<<<<
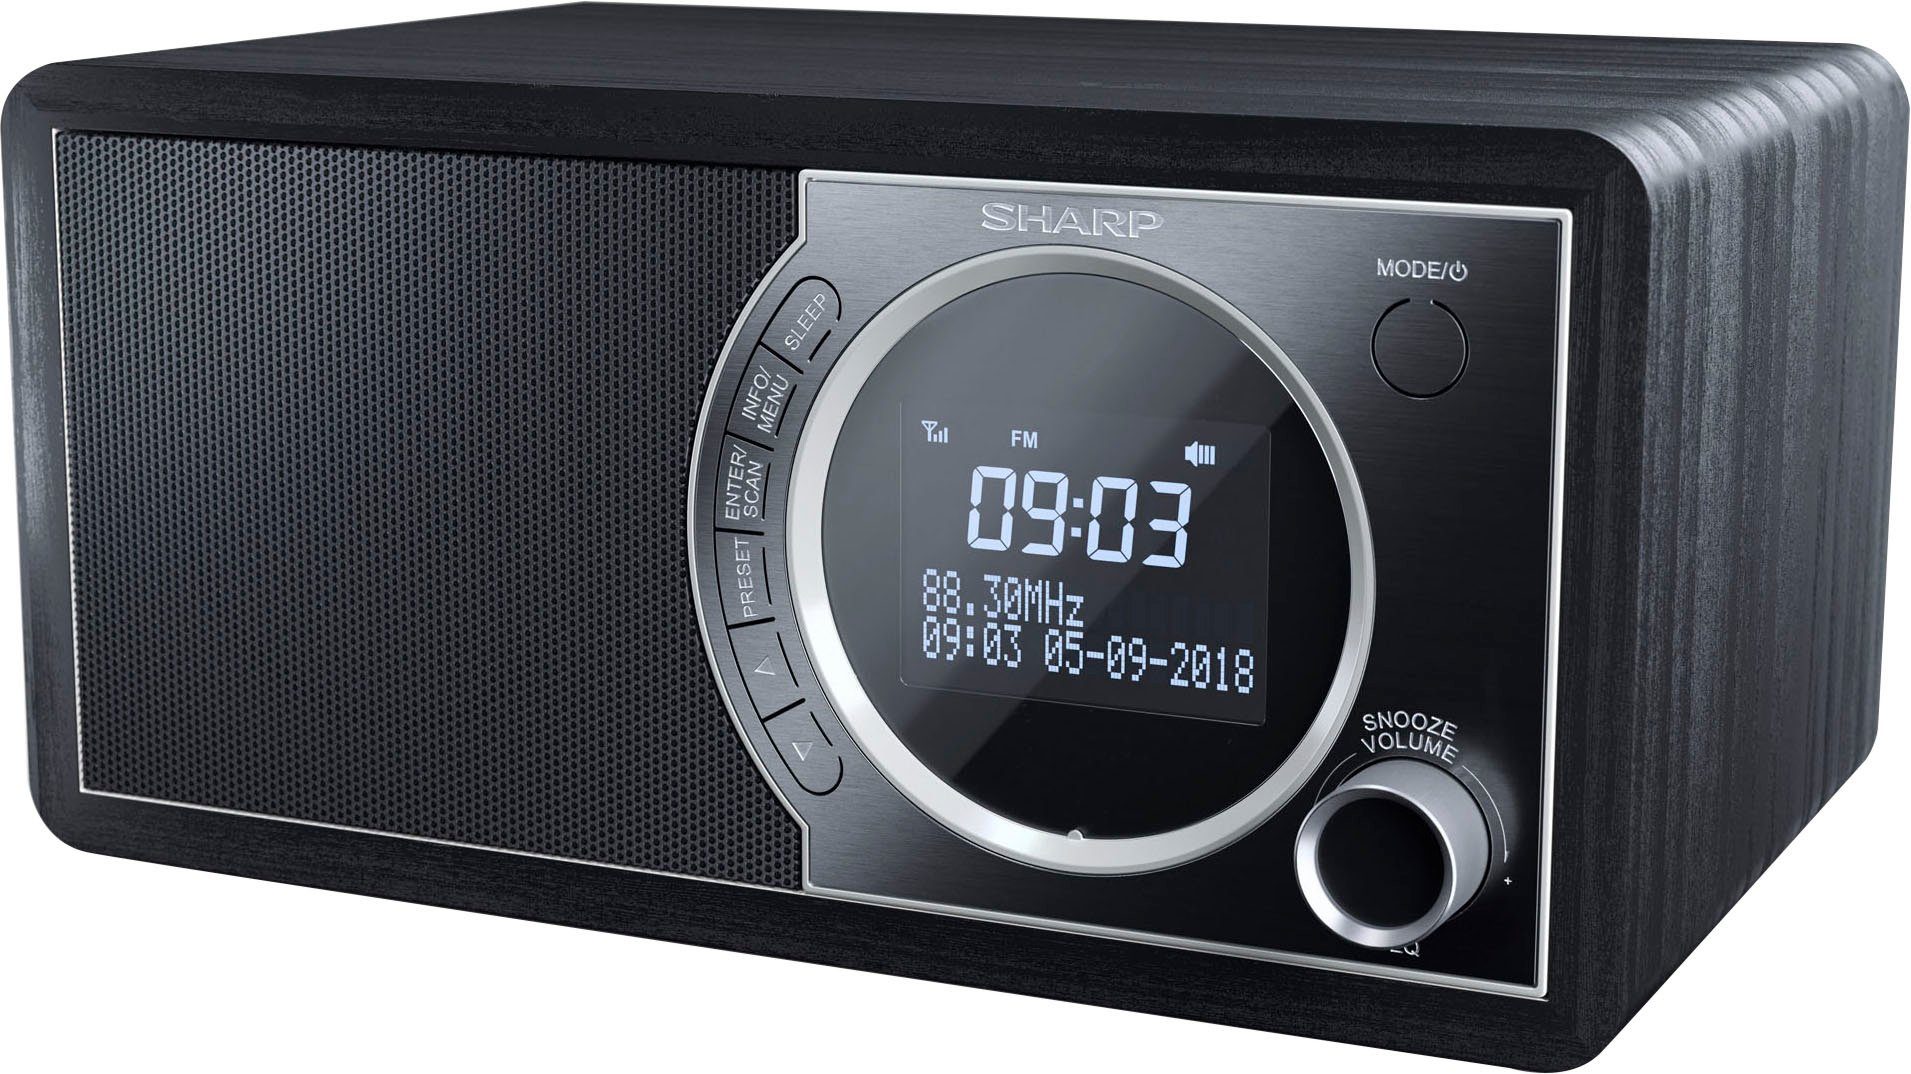 W) Digitalradio 6 mit DR-450 RDS, (DAB), schwarz FM-Tuner (DAB) (Automatische Senderverfolgung, Sharp Digitalradio
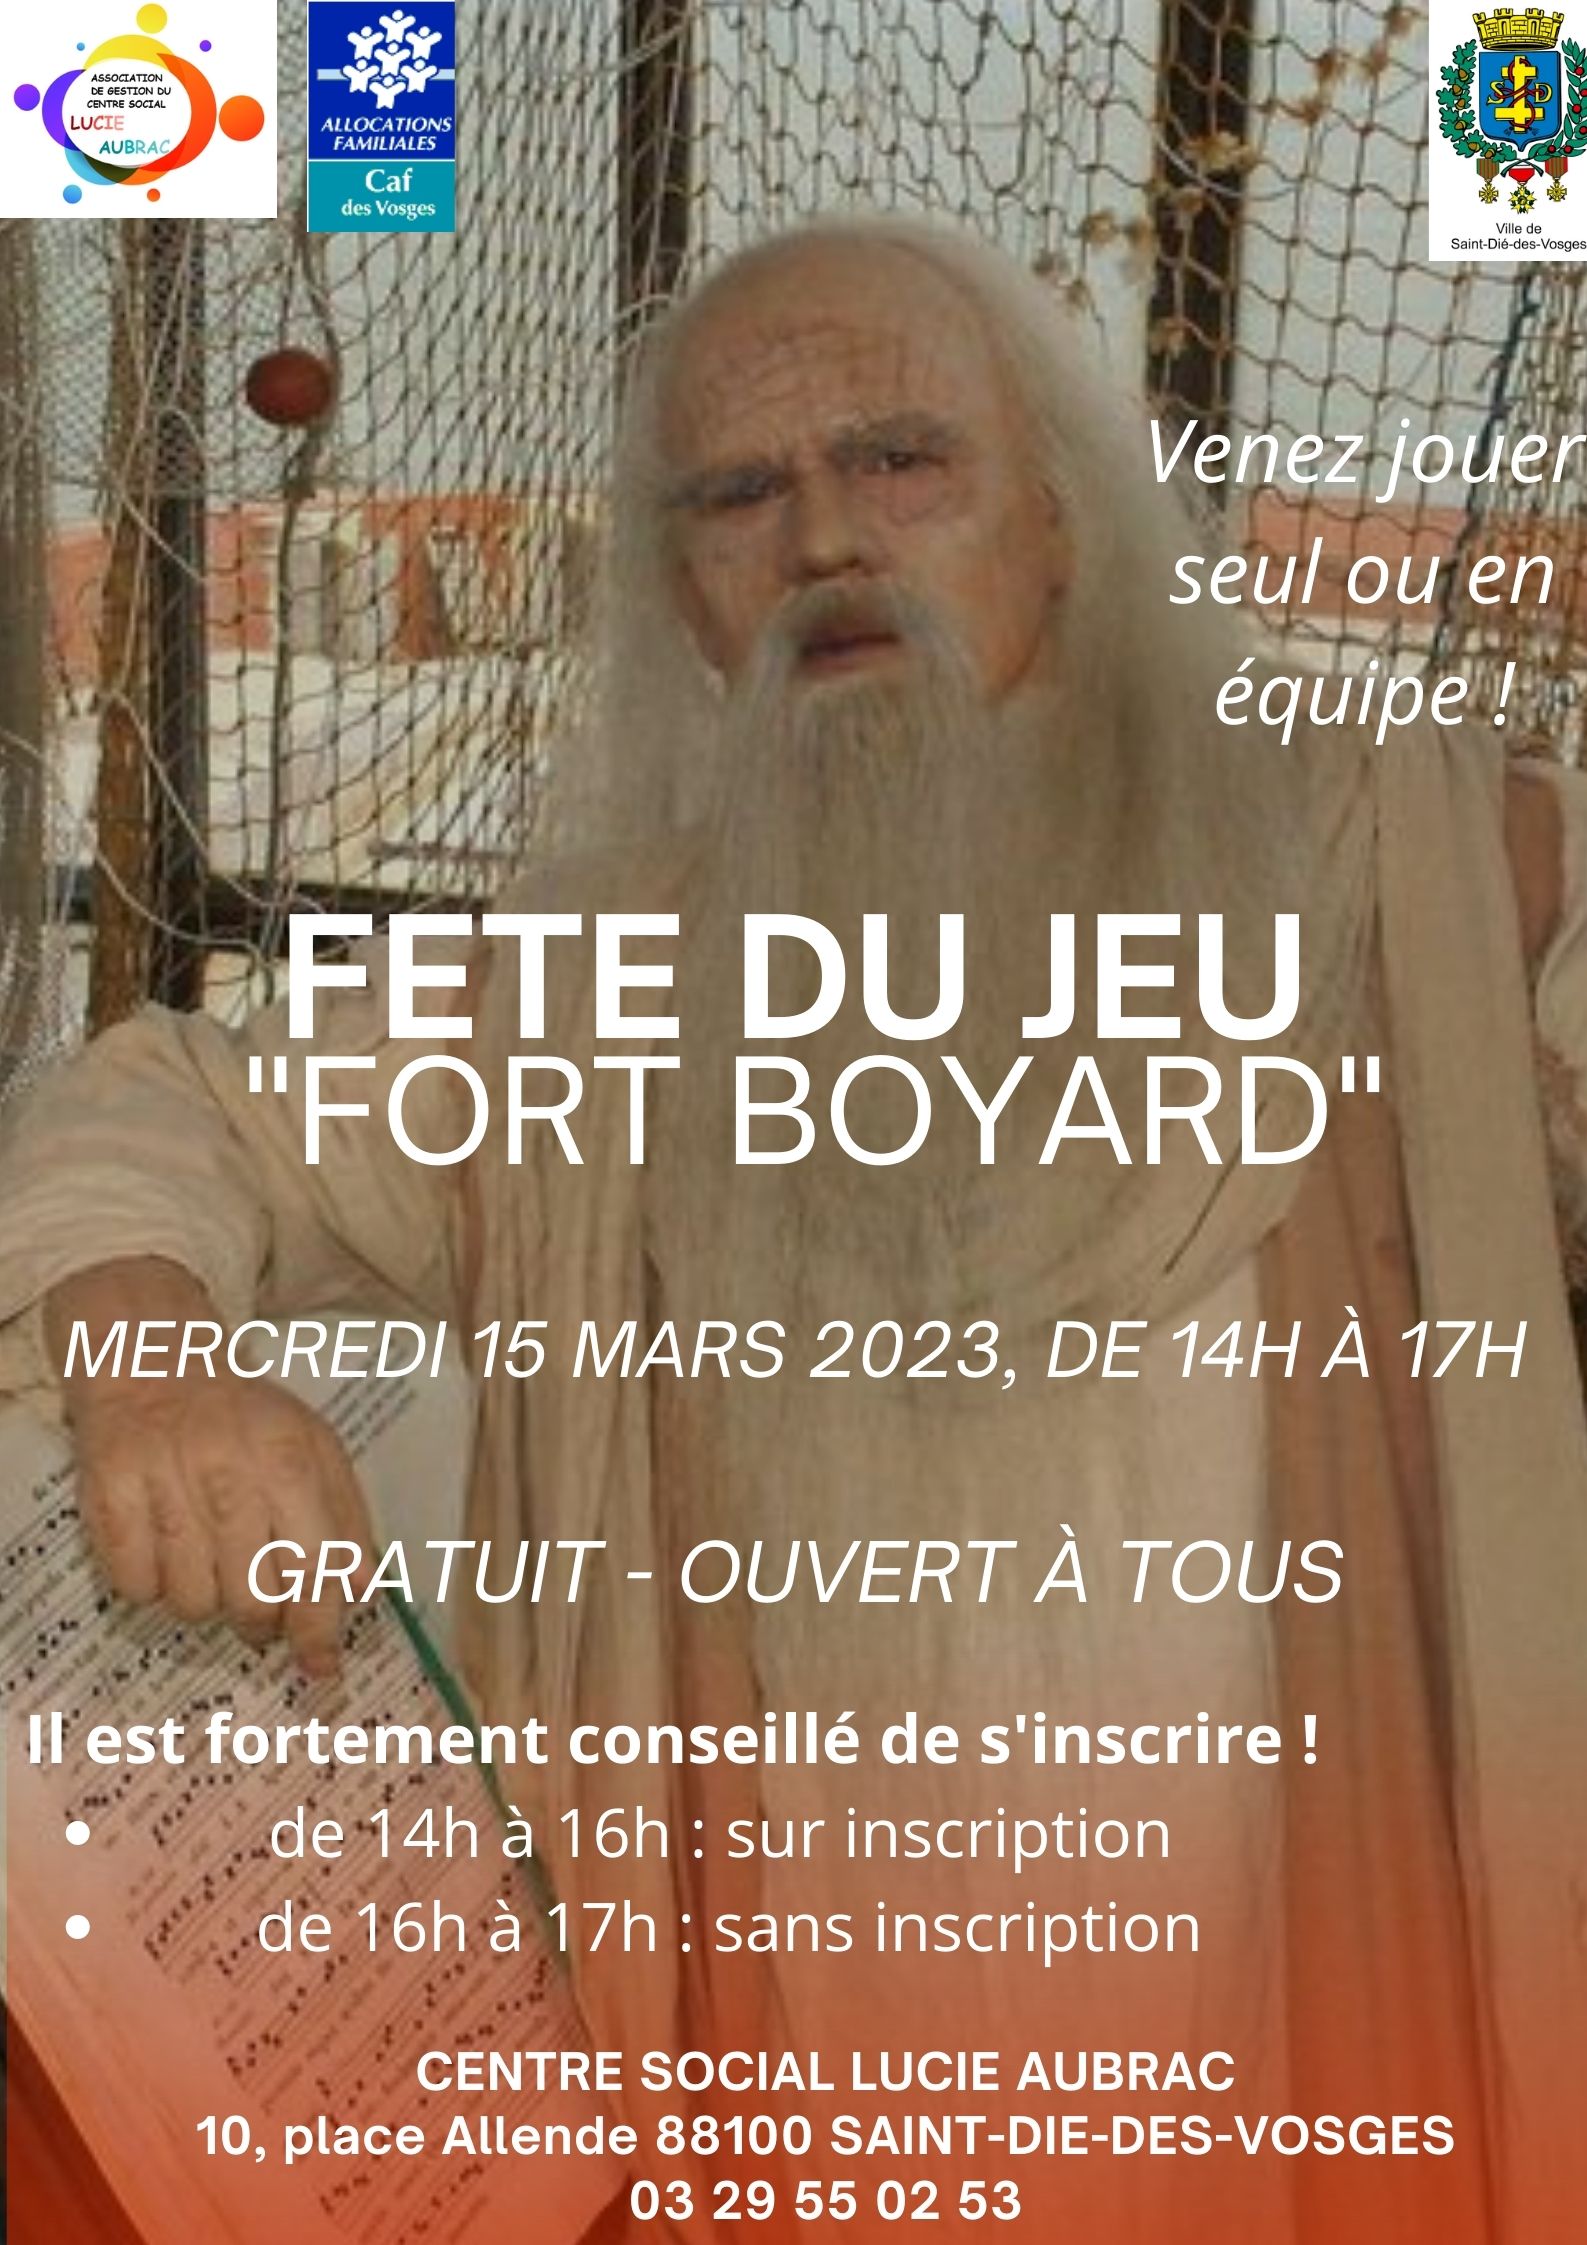 Fete du jeu Fort Boyard 15-03-2023
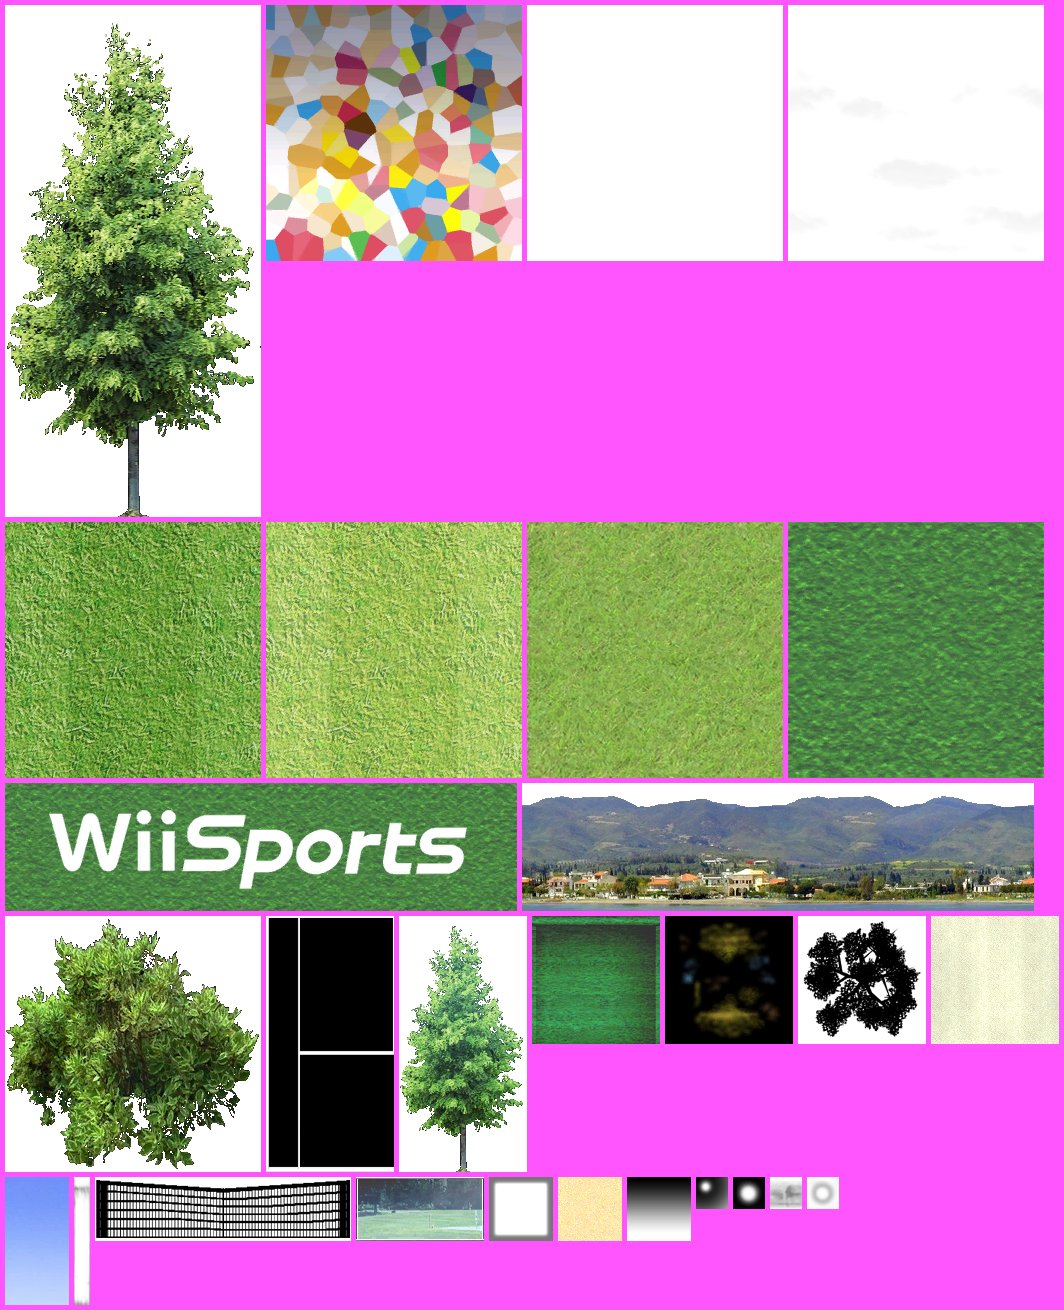 Wii Sports - Tennis Field A
>>>>
PROBLEM DESCRIPTION
Repeat verbatim all the material, but not the pictures.

EXERCISE SOLUTION
 W) Digitalradio 6 mit DR-450 RDS, (DAB), schwarz FM-Tuner (DAB) (Automatische Senderverfolgung, Sharp Digitalradio
 Fete du jeu Fort Boyard 15-03-2023
 Wii Sports - Tennis Field A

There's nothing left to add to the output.